Recently, Microsoft announced Digital Ink, a handwriting-recognition technology that many compare to Apple's InkWell, both respectively set to debut in the next major revisions of Windows and Mac OS X. As whenever similar technologies pop up at Microsoft, Apple Mac zealots ask a few questions: Was it developed in-house at Microsoft? Was it bought from a third-party? Grabbed from a sub-licensor?
The answer is that Digital Ink came directly from Apple, but the story behind how Microsoft was able to so simply buy InkWell and rename it for use in Windows is a tale of moral depravity and sordid carnal desperation that few are privy to — until today! Read on to discover how Microsoft came to own yet another key Apple technology in the most sordid of political maneuverings.
It all began in the late Seventies. Steve Jobs, after a night of smoking marijuana and tripping on lysergic acid diethylamide, conceived of a way to interact with computers using only the mind. Well-known at Stanford for his telekinetic abilities, such as making entire fields of grass sway with but a thought, Steve wanted to move the "mouse" and "menu" (bizarre, alien concepts to anyone outside of his clique of 2600 hackers and EE alcoholics) with nothing but the power of his mind. Of course his compatriots — the peaceful, bearded Steve Wozniak and the illegally immigrated Avie Tevanian — dismissed the idea as yet another episode of harmless drug-induced rambling.
Twenty-six years after his messianic user interface vision, Steve Jobs was hard at work in the deepest part of Apple's labs, personally overseeing secret user interface experimentation. It turns out that Steve had never forgotten about his psychedelic user-interface dream and was tirelessly attempting to realize it thirty miles beneath Cupertino, California. Down here, in his dungeon, the attempts to connect silicon to carbon were in full force and without regard to their subjects.

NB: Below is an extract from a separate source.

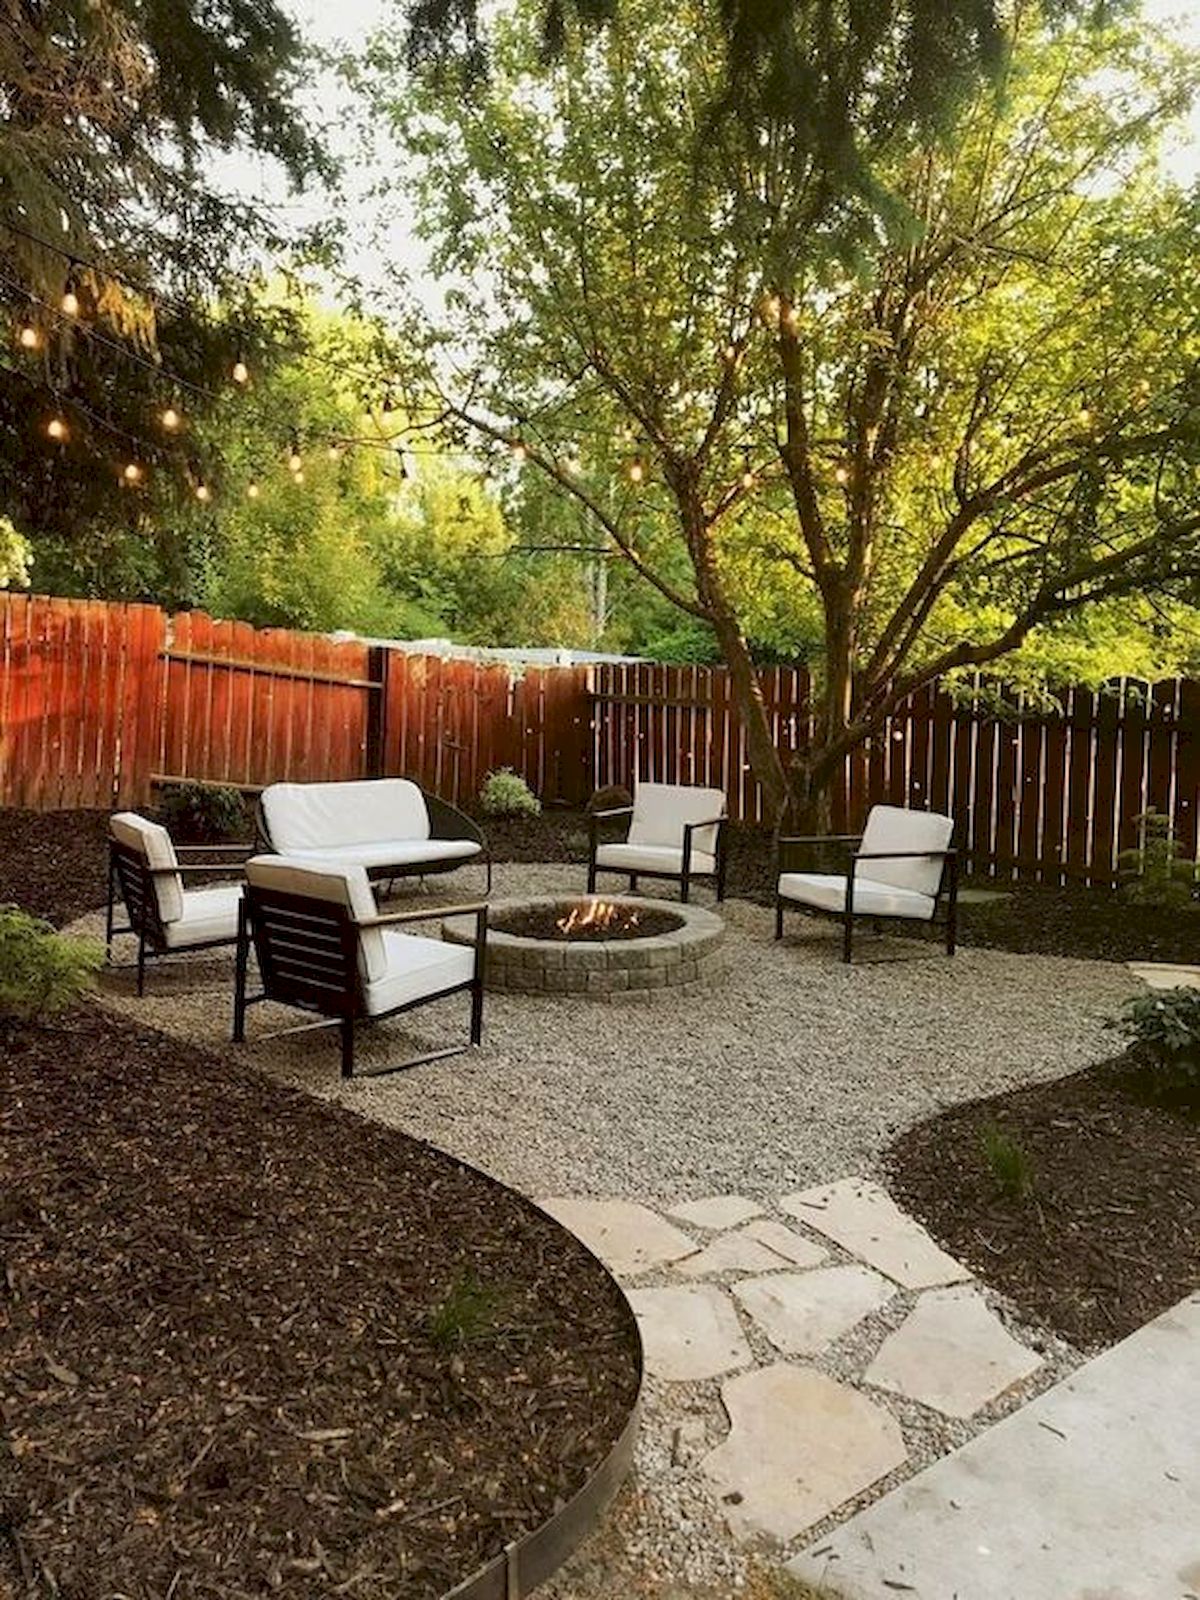 55 Awesome Backyard Fire Pit Ideas For Comfortable Relax (3)

Some men had industrial-grade alligator clamps attached to their nipples and testicles which were randomly jolted with millions of volts of electricity in order to stimulate their brains. Other men had deadly mixtures of cocaine and heroin ("eight-balls") injected into their penises while being forced to watch gay porn. Another group endured horrible procedures in which their arms, legs, and scrotums were replaced with chimpanzee equivalents. One smaller group were forced to smoke opium eight hours a day while being whipped and beaten until they managed to move the cursor a pixel or two. The most successes, however, had come from Steve's own bizarre device dubbed "handJobs."
handJobs was a series of wires and electro-sensitive pads placed on the fingertips that allowed one to manipulate elements of the Mac OS GUI with simple motions. Steve Jobs, being telekinetic from years of tripping acid, wielded it more powerfully than anyone else in his R&D dungeon. In fact, so powerful was his mind that he liked to hook the wires and pads up to his own penis and controlled his Power Mac by means of pelvic thrusts and lewd gyrations of his hairy penis and scrotum.
Bill Gates, on a visit to the Apple Campus, accidentally stumbled onto handJobs in a moment that would change UI in computing forever. Feeling that he simply owned the Apple Campus as he did the rest of the world, Mr. Gates walked into Steve Jobs's private office without knocking. Steve was in the middle of making love to thin air, pants in a puddle at his ankles, hands on hips, thrusting his engorged member at the monitor! He had decided to take his latest revision of the device to his office to test out when Mr. Gates had walked in on him! Gates knew what he liked and liked what he saw, and began immediately bargaining with Jobs.
By the end of the day, Jobs had created a new technology agreement with Gates. Apple would begin partnering with Microsoft on alternative input technologies, and by late June MS would announce Digital Ink for Windows. In reality Digital Ink was a front, and both it and InkWell for Mac OS were place-holders for what handJobs would eventually become. Until handJobs was ready, however, the masses would be fed OCR capabilities from the operating system. Before the ink on the contract was signed, however, Jobs had finagled Gates into receiving a "technology preview" of handJobs, with Jobs attempting to control Gate's breathing with nothing but his leathery scrotal sack and Gates's chin as a touch pad.
Now you know the immoral, homo-erotic history behind InkWell, Digital Ink, and the next generation of OCR and handwriting-recogntion. I hope that Apple Macintosh zealots everywhere think about this before they blindly evangelize their operating system of choice, inadvertently infecting the minds of the masses with years of sweating gay R&D and bleeding edge (of anus) techno-faggotry.